Excerpt from the documentation

There are two ways to store text data in pandas:

  1. object -dtype NumPy array.
  2. StringDtype extension type.

We recommend using StringDtype to store text data.

Prior to pandas 1.0, object dtype was the only option. This was unfortunate for many reasons:

  1. You can accidentally store a mixture of strings and non-strings in an object dtype array. It’s better to have a dedicated dtype.
  2. object dtype breaks dtype-specific operations like DataFrame.select_dtypes(). There isn’t a clear way to select just text while excluding non-text but still object-dtype columns.
  3. When reading code, the contents of an object dtype array is less clear than 'string'.

And also this:

Before v.0.25.0, the .str-accessor did only the most rudimentary type checks. Starting with v.0.25.0, the type of the Series is inferred and the allowed types (i.e. strings) are enforced more rigorously.
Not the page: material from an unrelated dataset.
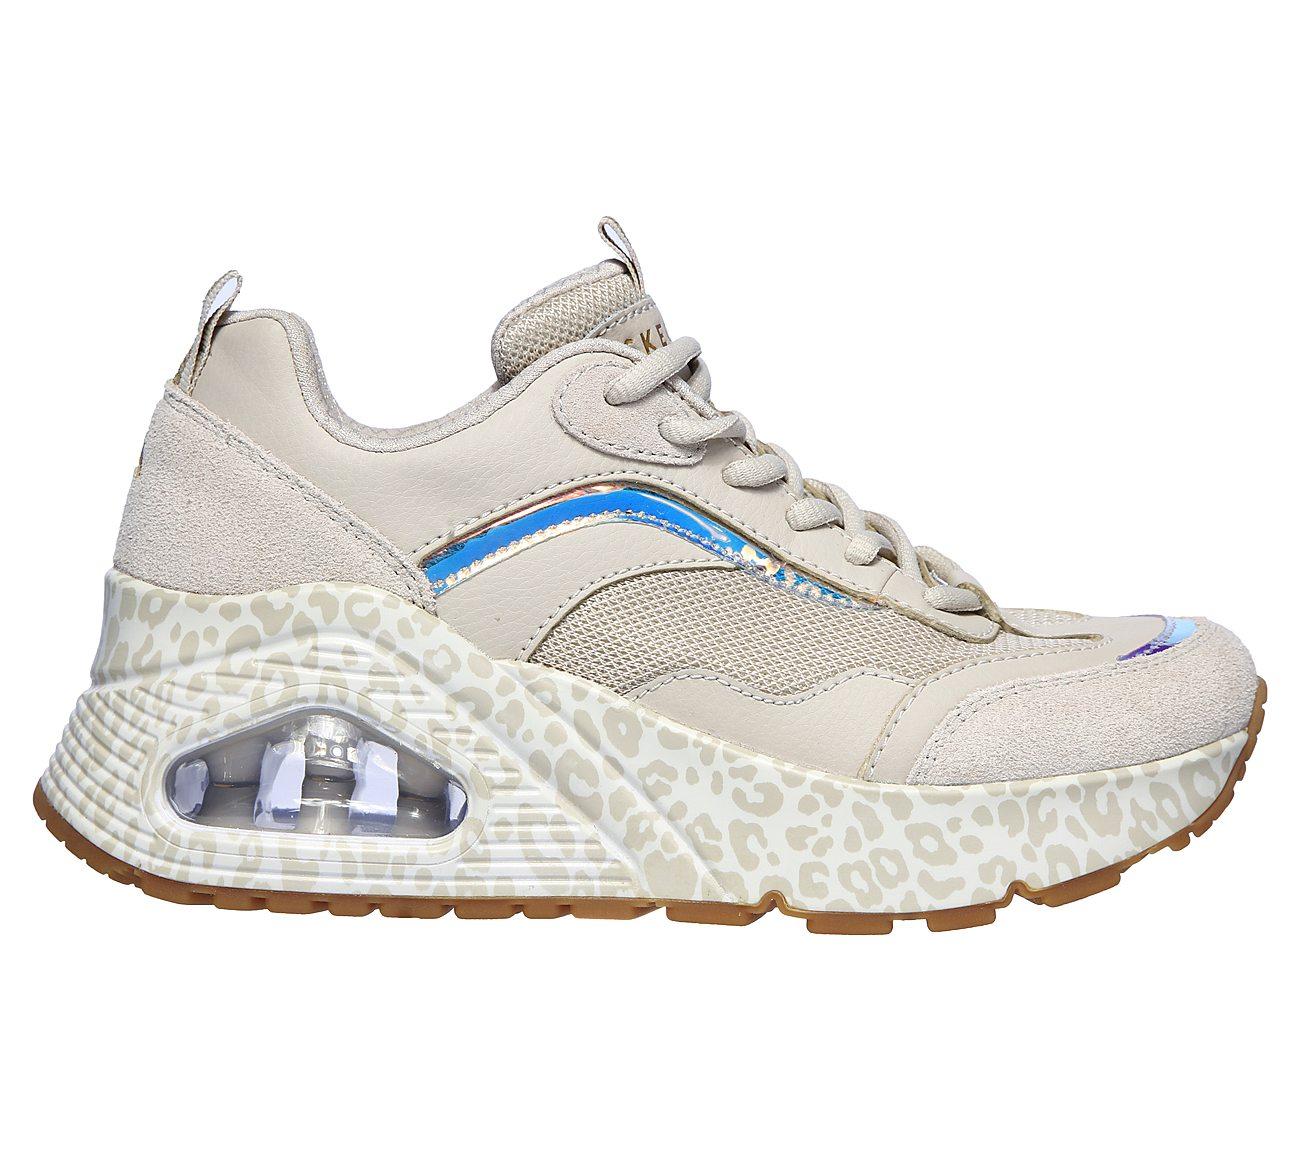 Uno Hi - Incatnito SKECHER Street Shoes
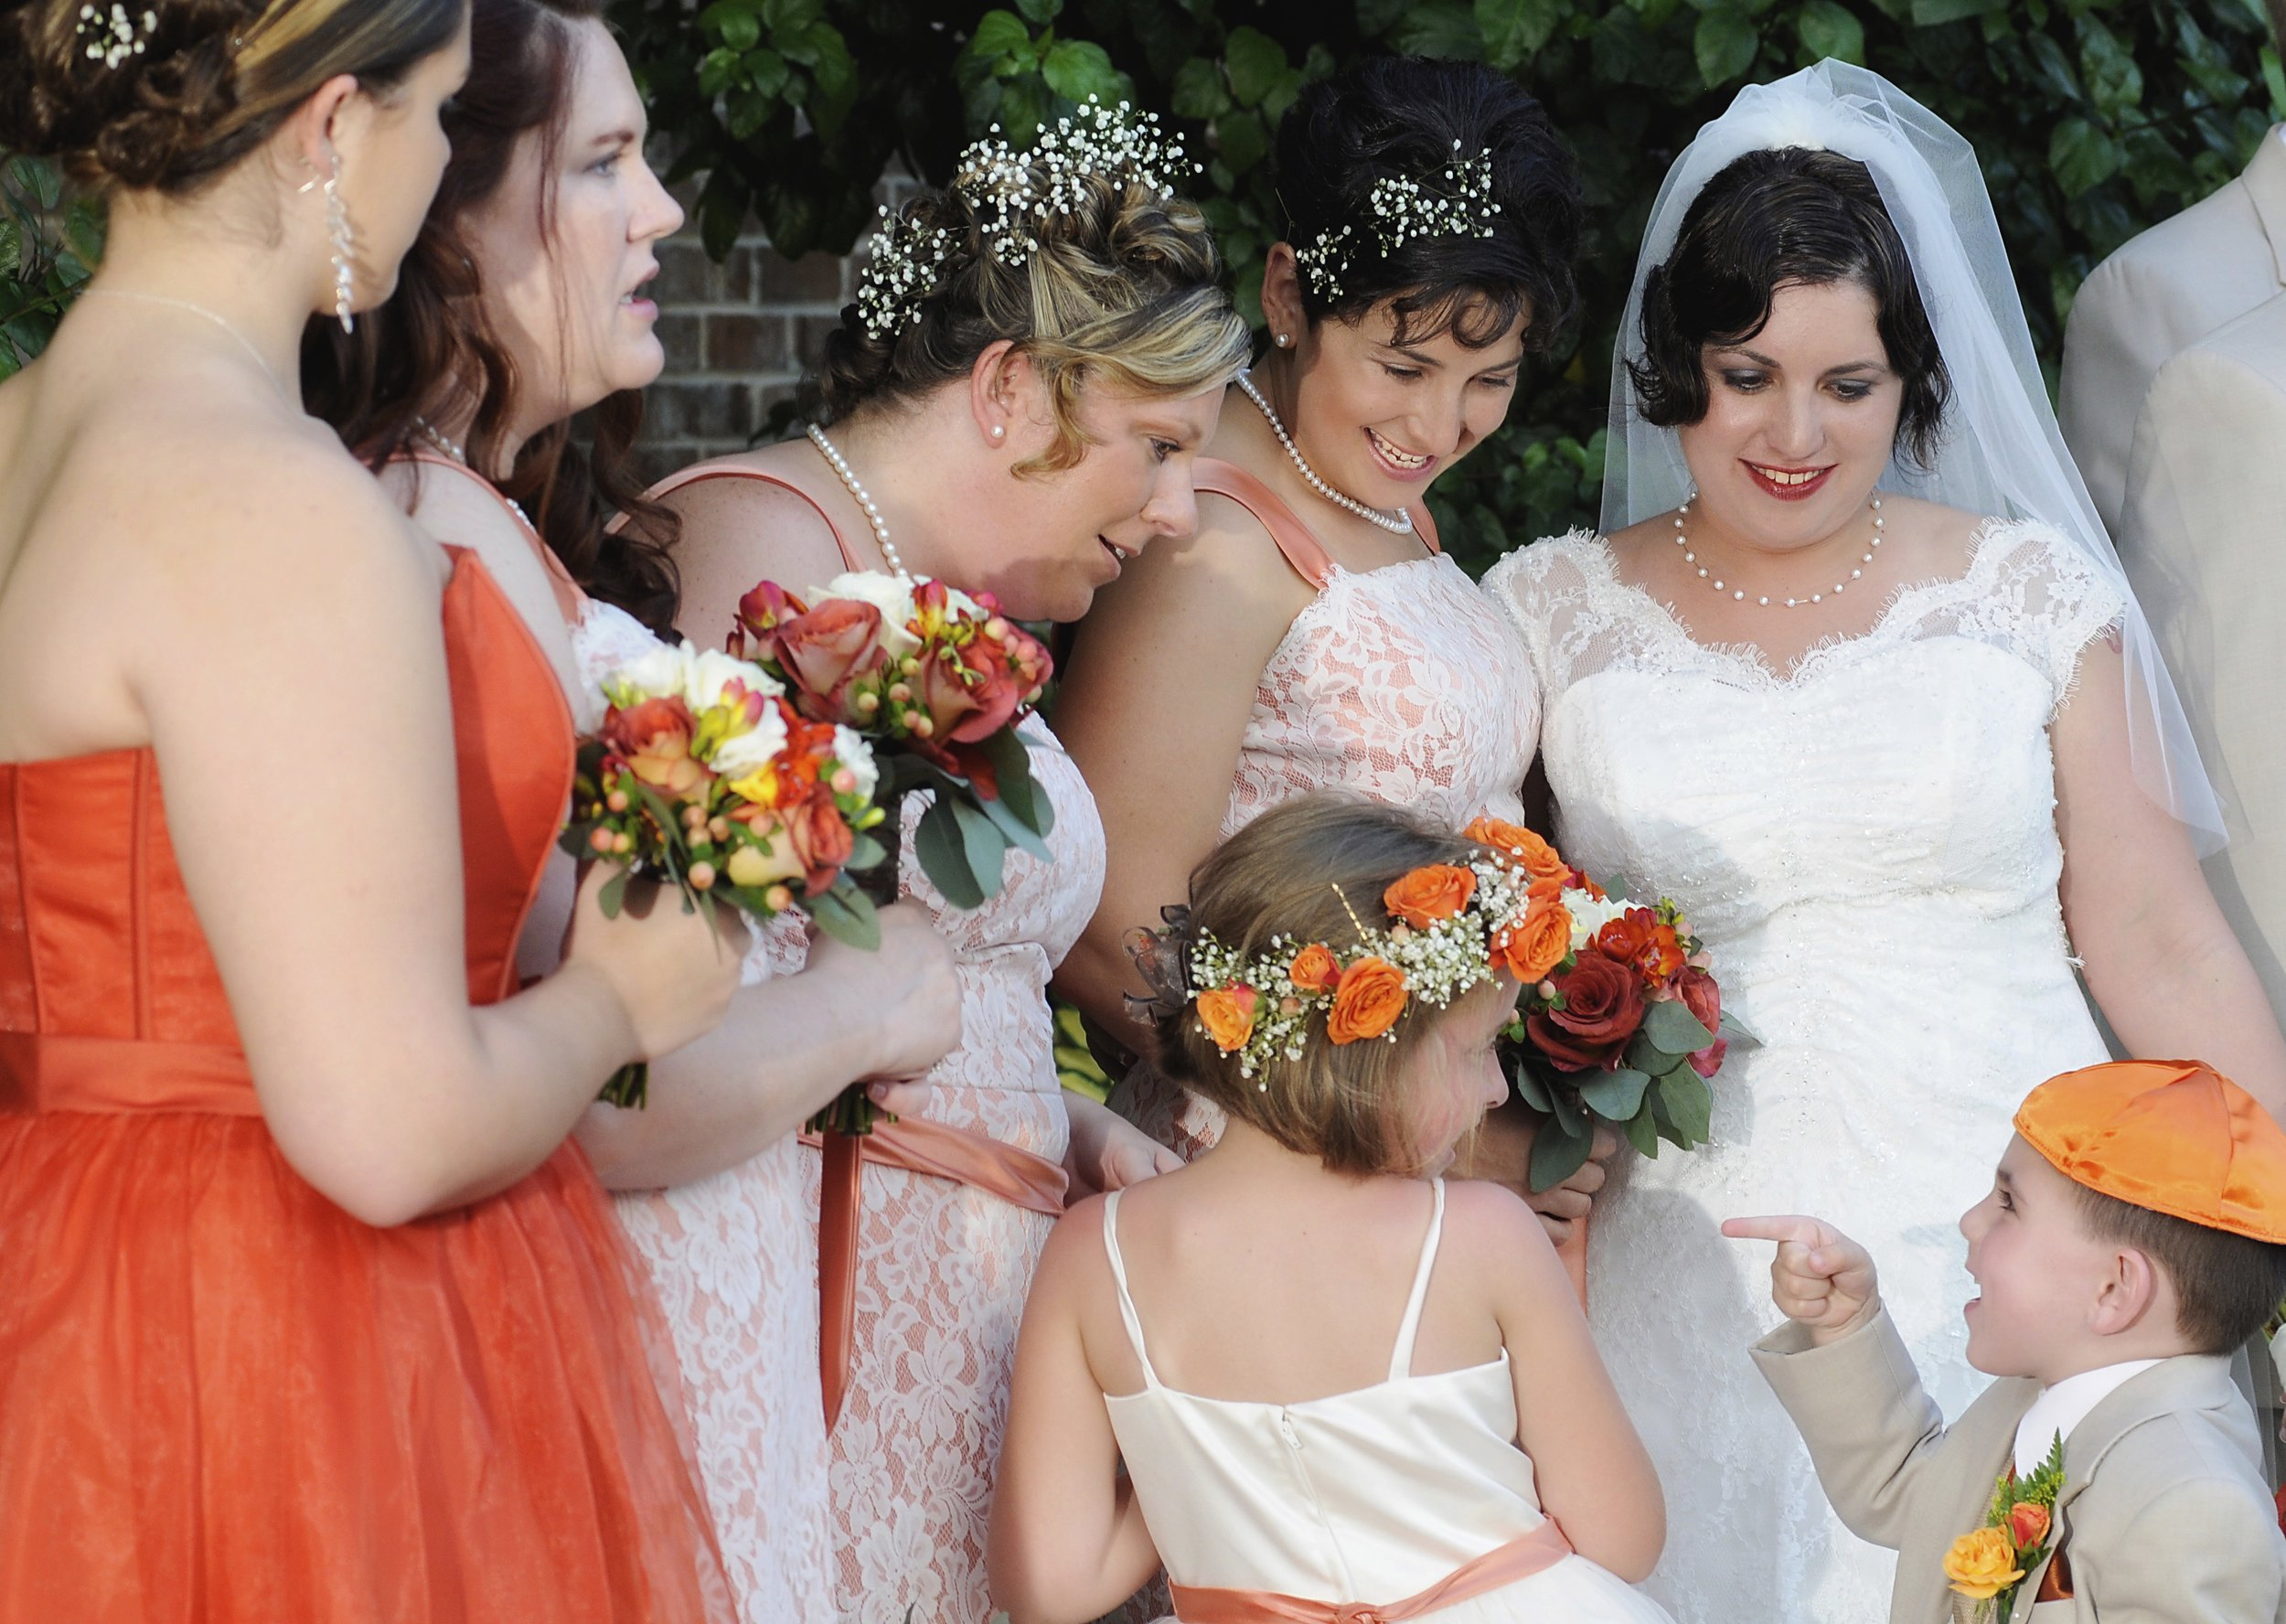 debbie-wedding-best-group-candid-final-version220-YOUNG.jpg

Generally speaking, the .str accessor is intended to work only on strings. With very few exceptions, other uses are not supported, and may be disabled at a later point.

When we call str[0], I believe it’s a shorthand for str.get(0).

If you read the documentation for str.get, you’ll see that it specifies explicitly that it works for lists:


Extract element from each component at specified position.

Extract element from lists, tuples, or strings in each element in the Series/Index.